GREENSBORO, N.C. – Tomorrow (Saturday) is World AIDS Day, and events are planned around the state and country.

Mother and grandmother Alicia Diggs will be one of those participating in Greensboro. She has been living with HIV for 11 years. Thanks to recent developments in drug therapies, Diggs is able to work full-time and attend graduate school. She is one of more than 26,000 people in North Carolina living with the disease, and is grateful for the way her body is responding to drug therapy.

"I am healthy. I don't think about HIV unless it comes up as a subject on someone else. That's how well I control being a person that has to live with HIV."

About one out of every 260 North Carolinians is living with HIV, and while medications have made the condition a manageable illness that doesn't progress to AIDS, recent cuts to the state budget have reduced the number of medications covered under the state's AIDS Drug Assistance program.
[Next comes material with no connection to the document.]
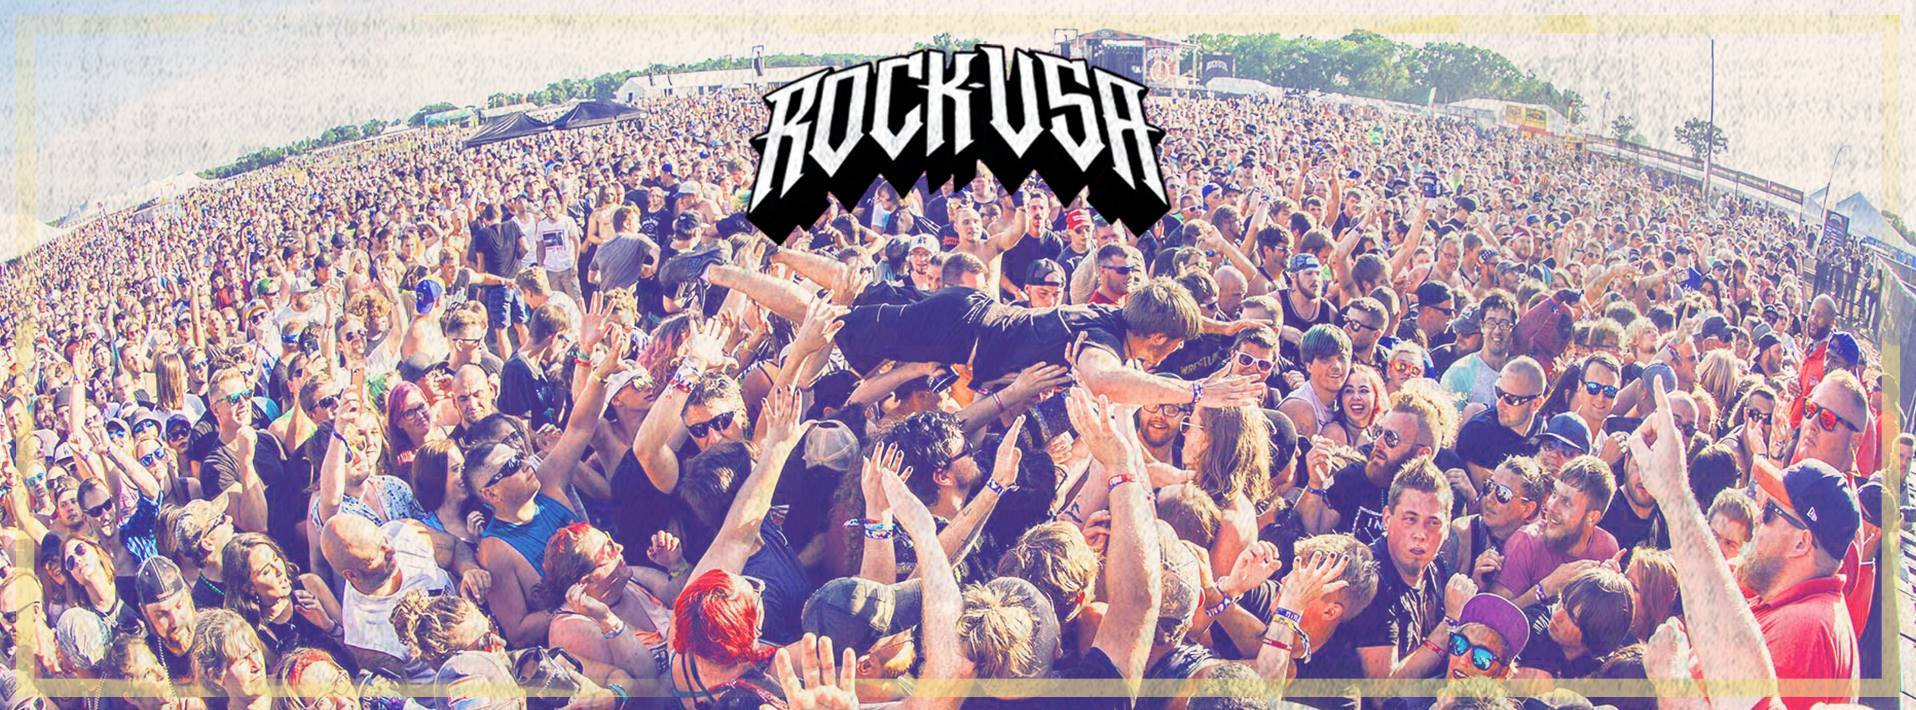 Upcoming Metal Music Festivals

The North Carolina AIDS Action Network estimates there are as many as 7,000 undiagnosed people living with HIV. And Claire Hermann, the group’s communications program director, says advances in medicine may make it possible to beat the virus once and for all, with the right approach.

"An AIDS-free generation is an attainable goal. We have the medicines and public health tools that we need to halt this epidemic. All we need is the political will and community action to make it happen."

Hermann says if state lawmakers chose to expand the state's Medicaid program, half a million North Carolinians would have access to health insurance who currently do not, a benefit that would offer further assistance to people living with HIV.